What are stigmata?
St. Francis of Assisi and St. Catherine of Siena are among those who received this marker of faith.
Some Catholic traditions are strange. After all, our “big tent” of traditions includes relics—oftentimes the body parts of saints—apparitions, weeping statues, and exorcisms.
Among these strange traditions is one worth examining more closely: stigmata. Stigmata are mystical phenomena where holy men or women (mainly women, including Catherine of Siena) receive some or all of the bodily wounds of Christ’s crucifixion. This tradition is a sign of closeness with God through sharing in Christ’s suffering.
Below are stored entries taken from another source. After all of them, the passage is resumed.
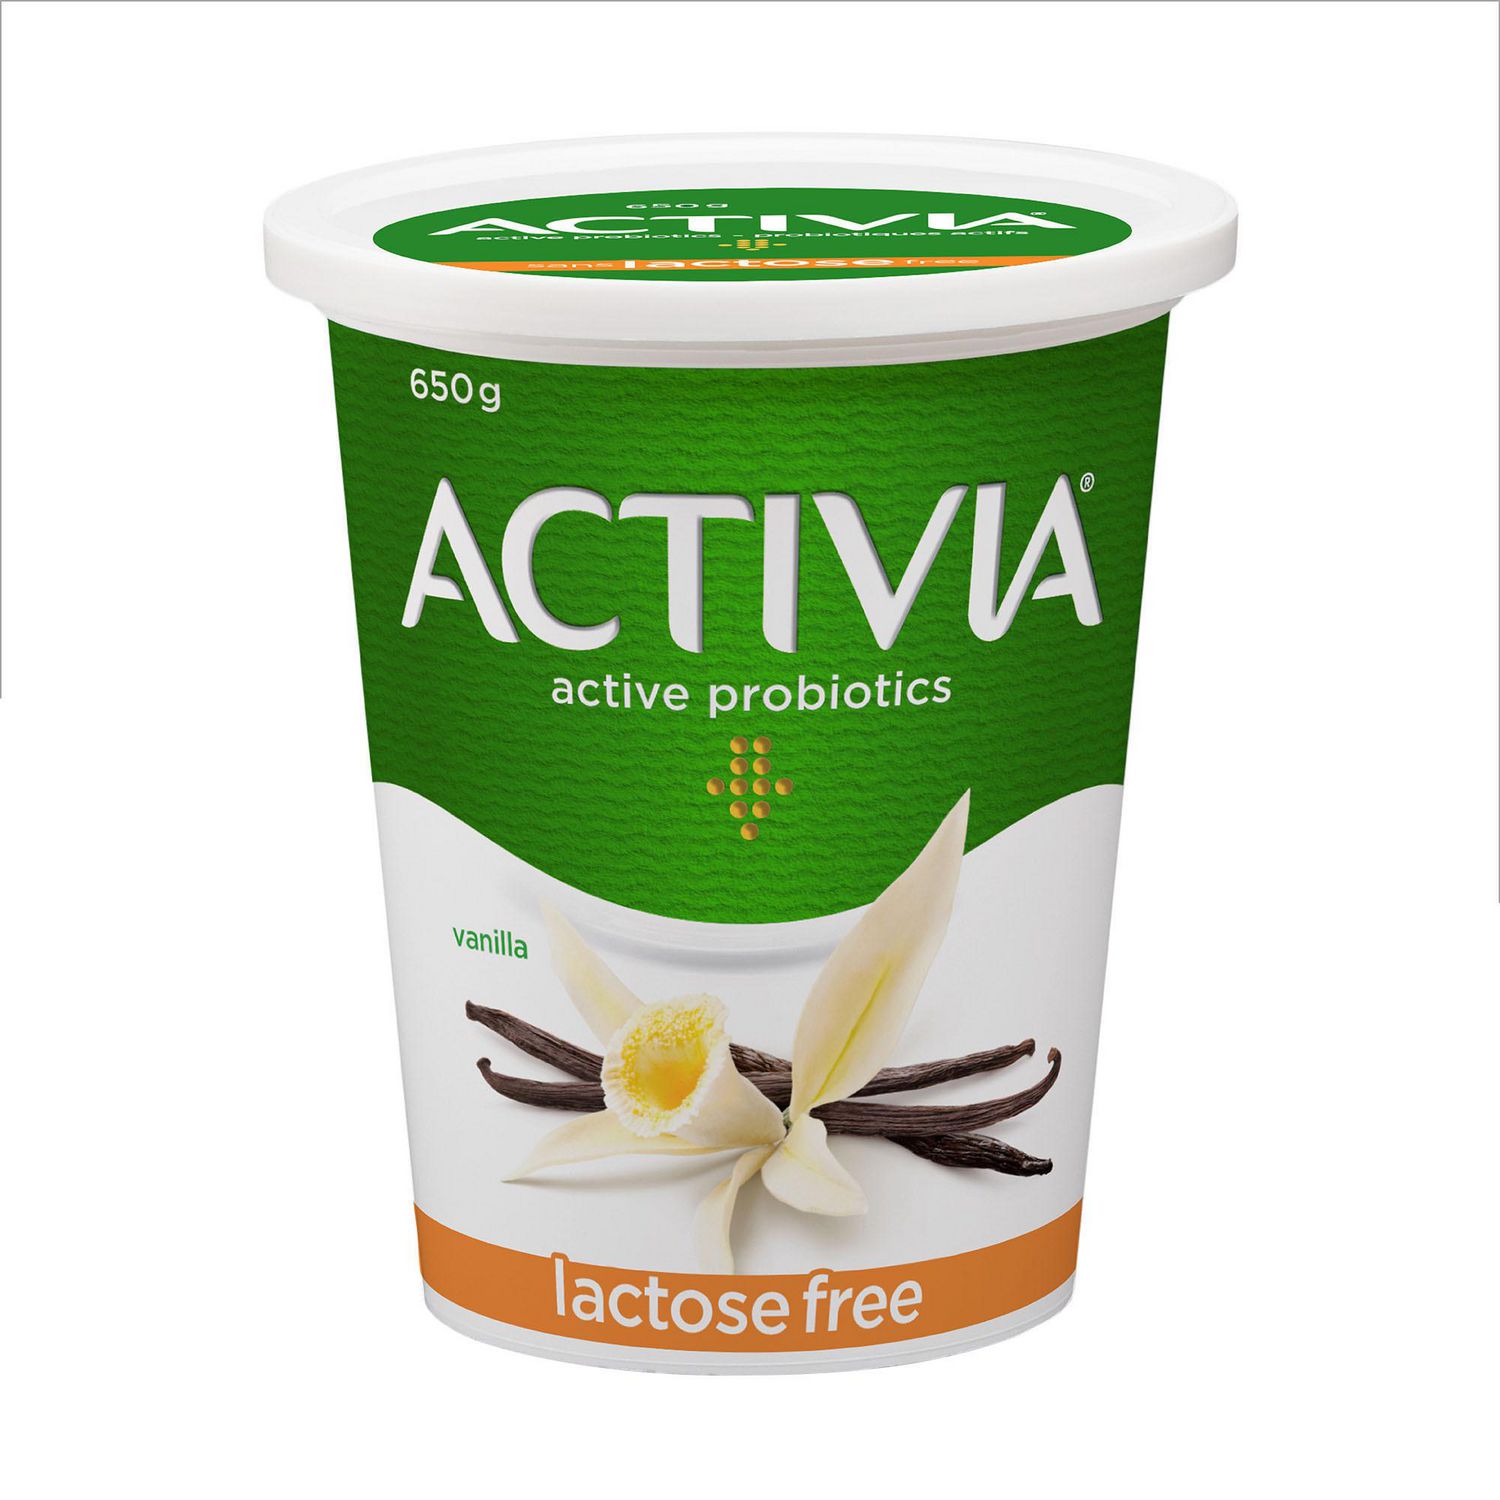 Activia Yogurt With Probiotics Lactose Free Vanilla Flavour 650g Walmart Canada 9185
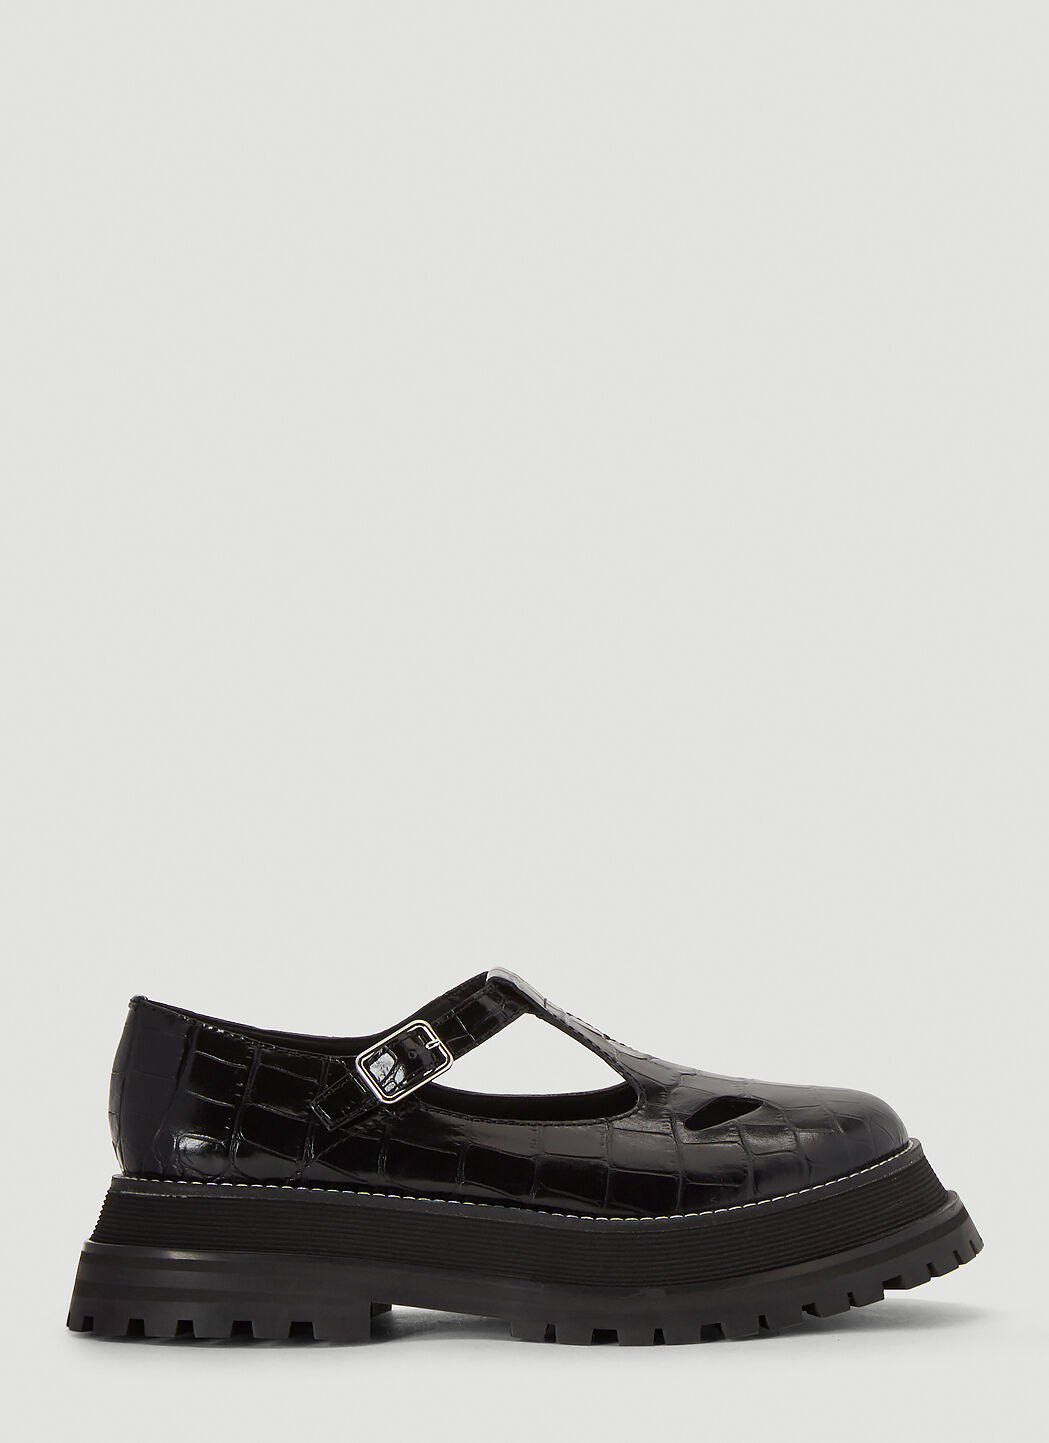 Saint Laurent Embossed Leather Mary Jane Shoes Black sla0235026
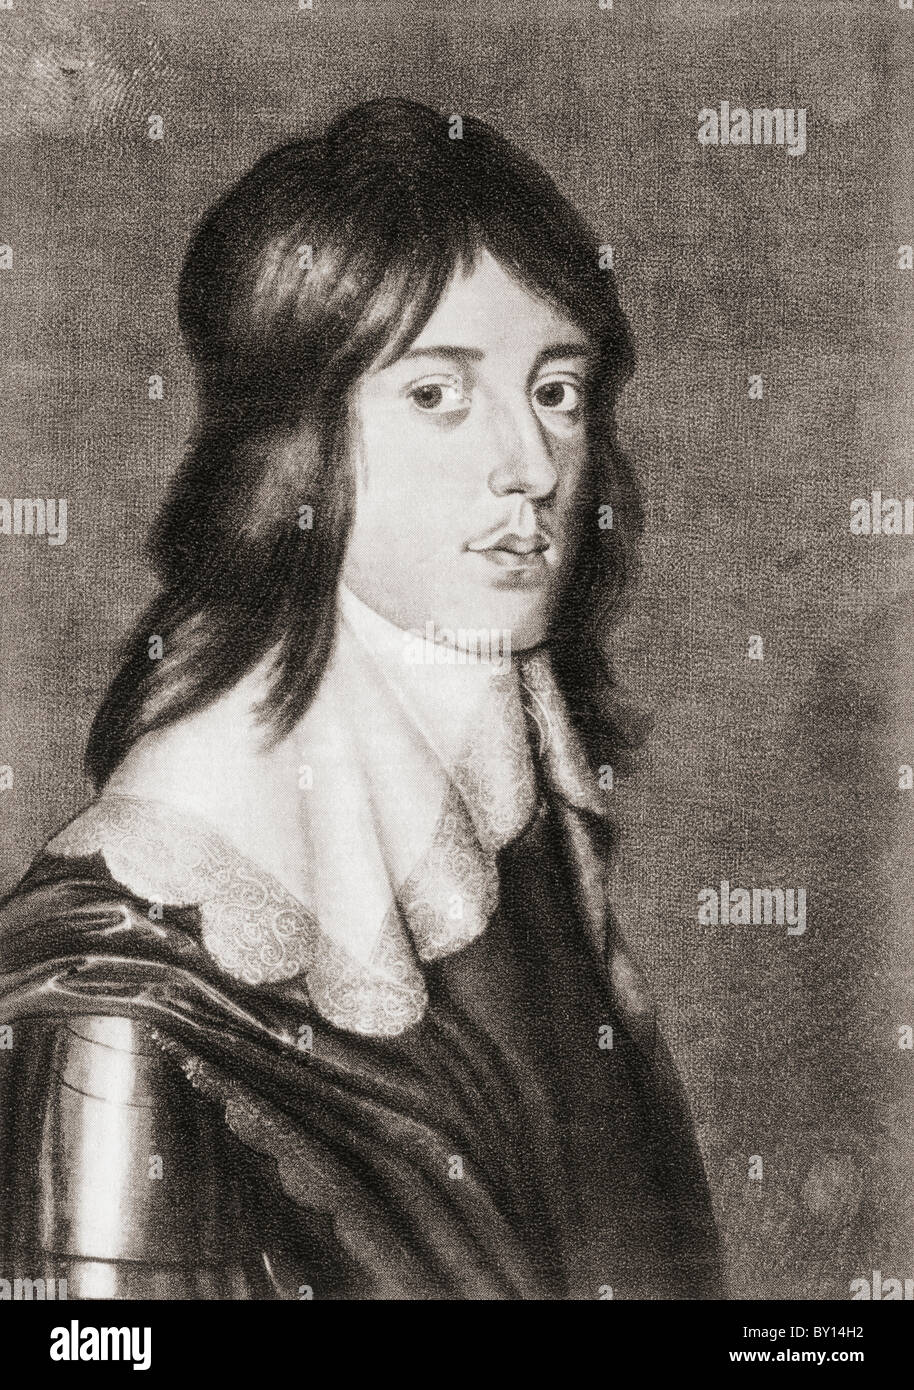 Guglielmo II, principe di Orange, 1626 a 1650. Da Geschiedenis van Nederland, pubblicato nel 1936. Foto Stock
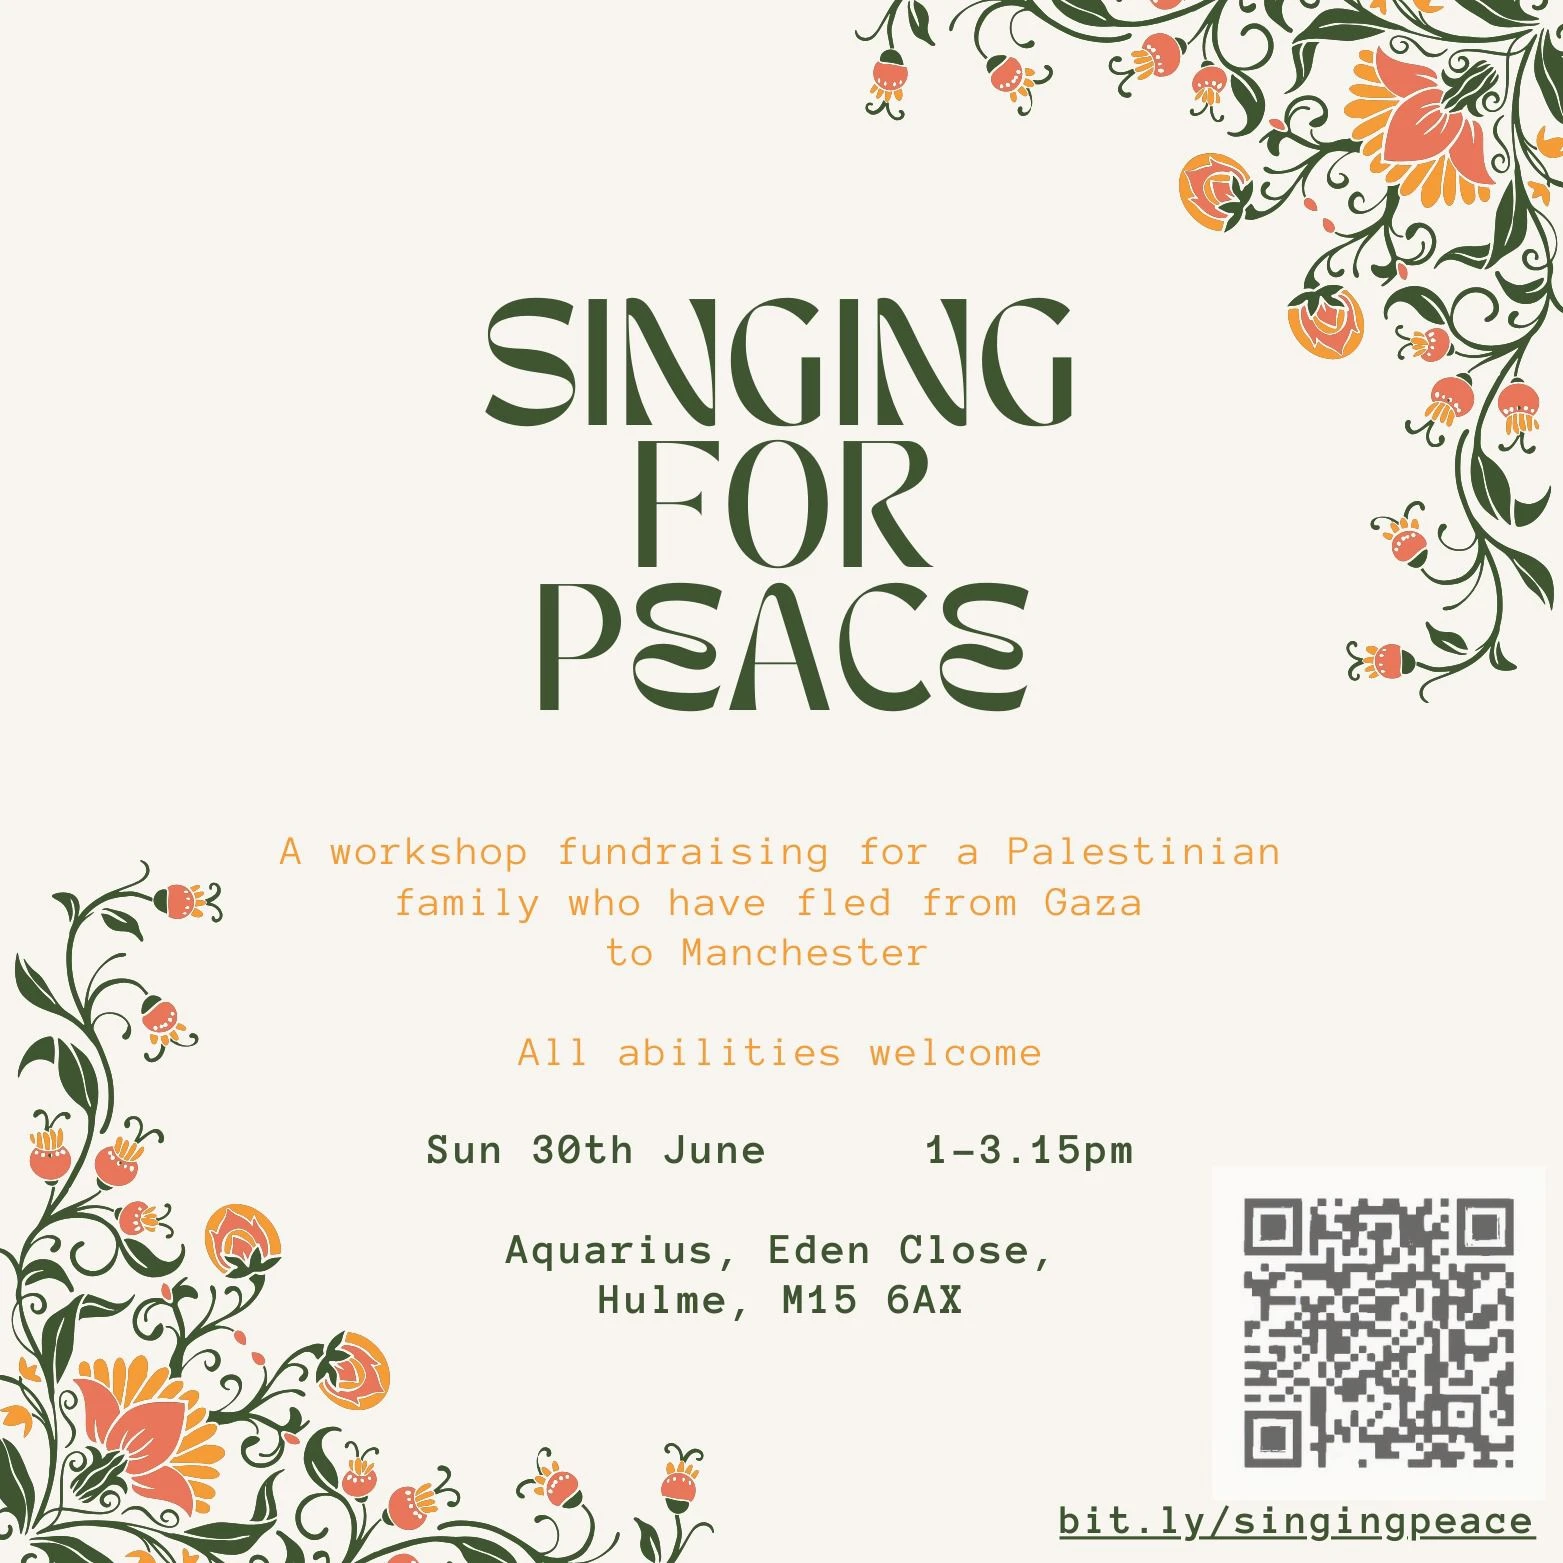 ورشة خيرية في فن الغناء من أجل عائلة فلسطينية

St. Francis of Assisi, the first confirmed stigmatic, found value in the solidarity it gave him with those suffering around him. The root of stigmata is the word stigma, which means a “mark of disgrace” as judged by those who have power and dominance in a society. Francis was well known for his embrace of poverty, peacemaking, and the most “stigmatized” people of his time: lepers.
In 1224, while meditating deeply on Jesus’ passion, Francis saw a vision of a seraph fixed to a cross. He emerged from the vision and—to the astonishment of his confreres—exhibited the wounds of Christ on his own body. He then wrote “Prayer in praise of God, Given to Brother Leo,” which speaks of the many beautiful names for God.
In light of this story, stigmata remain relevant today in suggesting how Catholics can imitate Christ: solidarity with all who are denigrated by the powerful and dominant, be it through race, gender, sexual orientation, poverty, disability, age, immigration status, culture, or religion. The tradition and symbolism of stigmata may be strange, but they connect us not only with the sufferings of Christ but also with the sufferings of our sisters and brothers around the world. In this way, stigmata become an “ordinary” mystical symbol of solidarity with the sinned-against rather than an “extraordinary” mystical experience of God open only to the spiritually elite.
This solidarity resonates with the ministry of Pope Francis and his vision of the church as a field hospital. Perhaps this is the greatest gift the mysterious tradition of stigmata can offer: To meet God we must meet others in their woundedness. We are called to carry burdens that are not ours in service to the stigmatized and sinned-against in the world.
If one seeks to follow Christ, one must listen to, understand, embrace, and, if possible, bind the wounds of those stigmatized as the wounds of his or her own body and family. As St. Paul wrote, “If one member suffers, all suffer together with it” (1 Cor. 12:26).